Potter’s Interior Designs are the highly personal confessions of a
woman on the verge of breakdown. From an apparently unhappy childhood
through miscarriage and thoughts of suicide, the poems reflect a
tortured sensitivity whose only release is in the play of language. In
the constant repetition of the initial word or phrase in certain poems
(such as “I said I was sorry!”; “crossing the street to get a
better look”; and “in the absence of naming the womb contracts”),
this play builds to a powerful, satisfying climax. Images of birds often
recur—from the Canary, the singer who shares the poet’s soul with
the “Domesticated Moon” in the suite of poems with that title (and
which might stand for the mythic female principle?) and who accompanies
the poet everywhere from vacation to her lover’s bed, to the alter ego
robin whom the poet invites to nest in her yard (“she seemed to be
expecting a bird”). Suicide is personified as a man on the prowl,
following the poet in the streets looking for a chance to pick her up.

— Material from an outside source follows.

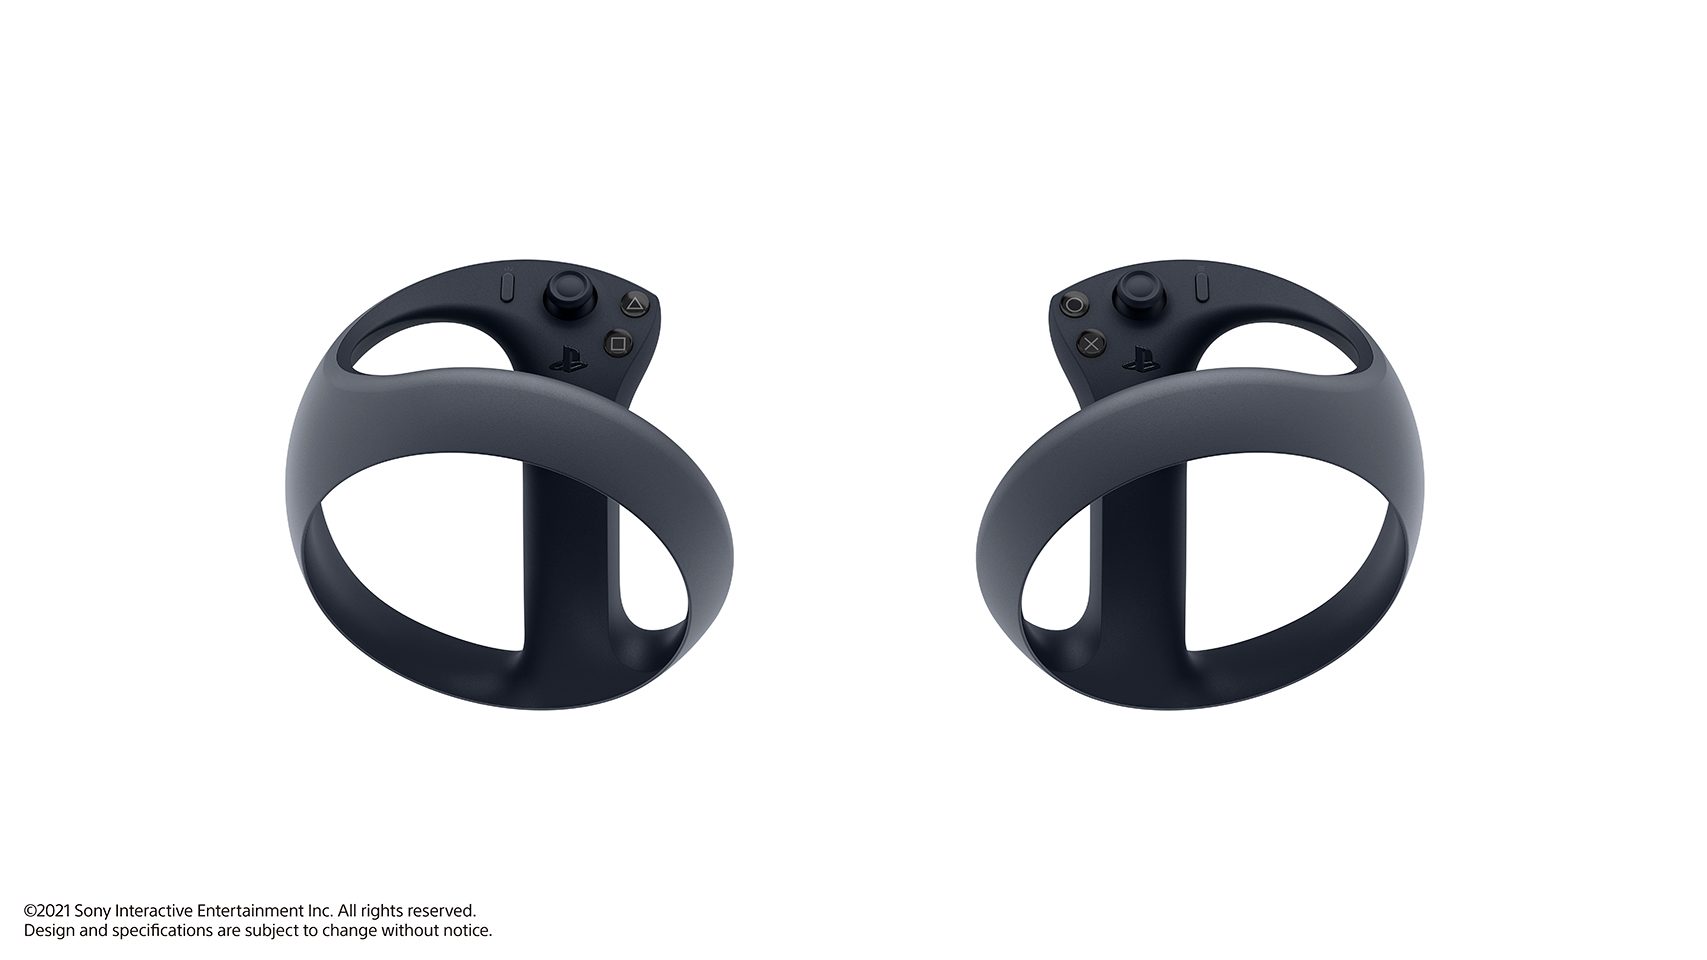 Sony annuncia i nuovi controller VR per PS5 con trigger adattivi -  PlayBlog.it

Home becomes both haven and trap. The problem with the book for the
reader is also its raison d’кtre: the poet’s intensely personal,
often tortured vision both seduces and excludes by intimating an
understanding of the female psyche in a patriarchal world while it
frustrates through lack of concrete detail any real perception of the
poet’s life as well as her emotion.

Citation

Potter, Robin., “Interior Designs,” Canadian Book Review Annual Online, accessed November 25, 2024, https://cbra.library.utoronto.ca/items/show/10445.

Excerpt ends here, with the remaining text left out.